◆ Problem to work on ◆
Return the data. Every word must match.

--- Records shown Enclosed Below ---

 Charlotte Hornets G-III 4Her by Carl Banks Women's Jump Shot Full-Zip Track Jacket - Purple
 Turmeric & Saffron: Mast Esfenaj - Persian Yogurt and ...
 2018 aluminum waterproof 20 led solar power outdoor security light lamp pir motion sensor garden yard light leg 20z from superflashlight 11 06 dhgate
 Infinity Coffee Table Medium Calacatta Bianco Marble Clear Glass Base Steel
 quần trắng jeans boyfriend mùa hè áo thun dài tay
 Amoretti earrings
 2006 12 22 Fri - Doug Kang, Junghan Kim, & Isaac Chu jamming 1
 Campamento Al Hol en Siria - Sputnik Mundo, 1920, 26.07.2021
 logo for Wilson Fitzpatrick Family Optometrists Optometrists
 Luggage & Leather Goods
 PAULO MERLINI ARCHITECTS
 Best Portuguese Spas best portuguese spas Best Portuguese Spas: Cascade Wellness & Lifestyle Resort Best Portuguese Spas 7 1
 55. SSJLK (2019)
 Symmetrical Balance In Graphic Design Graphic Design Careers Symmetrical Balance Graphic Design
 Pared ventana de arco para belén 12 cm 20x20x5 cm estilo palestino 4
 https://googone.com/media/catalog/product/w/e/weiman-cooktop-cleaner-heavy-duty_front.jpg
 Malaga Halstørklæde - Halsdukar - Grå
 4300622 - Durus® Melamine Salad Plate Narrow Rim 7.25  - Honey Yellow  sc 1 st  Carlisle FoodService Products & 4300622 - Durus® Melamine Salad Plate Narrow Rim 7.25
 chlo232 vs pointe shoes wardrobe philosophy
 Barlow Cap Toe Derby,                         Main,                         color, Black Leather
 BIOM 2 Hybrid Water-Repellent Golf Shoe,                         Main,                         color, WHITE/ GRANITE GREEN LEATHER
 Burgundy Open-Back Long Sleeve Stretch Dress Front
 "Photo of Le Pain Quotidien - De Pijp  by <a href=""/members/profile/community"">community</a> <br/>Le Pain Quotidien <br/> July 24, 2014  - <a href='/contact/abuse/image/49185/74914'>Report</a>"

--- End of Enclosed Records shown ---

◆ Expected answer ◆
 Charlotte Hornets G-III 4Her by Carl Banks Women's Jump Shot Full-Zip Track Jacket - Purple
 Turmeric & Saffron: Mast Esfenaj - Persian Yogurt and ...
 2018 aluminum waterproof 20 led solar power outdoor security light lamp pir motion sensor garden yard light leg 20z from superflashlight 11 06 dhgate
 Infinity Coffee Table Medium Calacatta Bianco Marble Clear Glass Base Steel
 quần trắng jeans boyfriend mùa hè áo thun dài tay
 Amoretti earrings
 2006 12 22 Fri - Doug Kang, Junghan Kim, & Isaac Chu jamming 1
 Campamento Al Hol en Siria - Sputnik Mundo, 1920, 26.07.2021
 logo for Wilson Fitzpatrick Family Optometrists Optometrists
 Luggage & Leather Goods
 PAULO MERLINI ARCHITECTS
 Best Portuguese Spas best portuguese spas Best Portuguese Spas: Cascade Wellness & Lifestyle Resort Best Portuguese Spas 7 1
 55. SSJLK (2019)
 Symmetrical Balance In Graphic Design Graphic Design Careers Symmetrical Balance Graphic Design
 Pared ventana de arco para belén 12 cm 20x20x5 cm estilo palestino 4
 https://googone.com/media/catalog/product/w/e/weiman-cooktop-cleaner-heavy-duty_front.jpg
 Malaga Halstørklæde - Halsdukar - Grå
 4300622 - Durus® Melamine Salad Plate Narrow Rim 7.25  - Honey Yellow  sc 1 st  Carlisle FoodService Products & 4300622 - Durus® Melamine Salad Plate Narrow Rim 7.25
 chlo232 vs pointe shoes wardrobe philosophy
 Barlow Cap Toe Derby,                         Main,                         color, Black Leather
 BIOM 2 Hybrid Water-Repellent Golf Shoe,                         Main,                         color, WHITE/ GRANITE GREEN LEATHER
 Burgundy Open-Back Long Sleeve Stretch Dress Front
 "Photo of Le Pain Quotidien - De Pijp  by <a href=""/members/profile/community"">community</a> <br/>Le Pain Quotidien <br/> July 24, 2014  - <a href='/contact/abuse/image/49185/74914'>Report</a>"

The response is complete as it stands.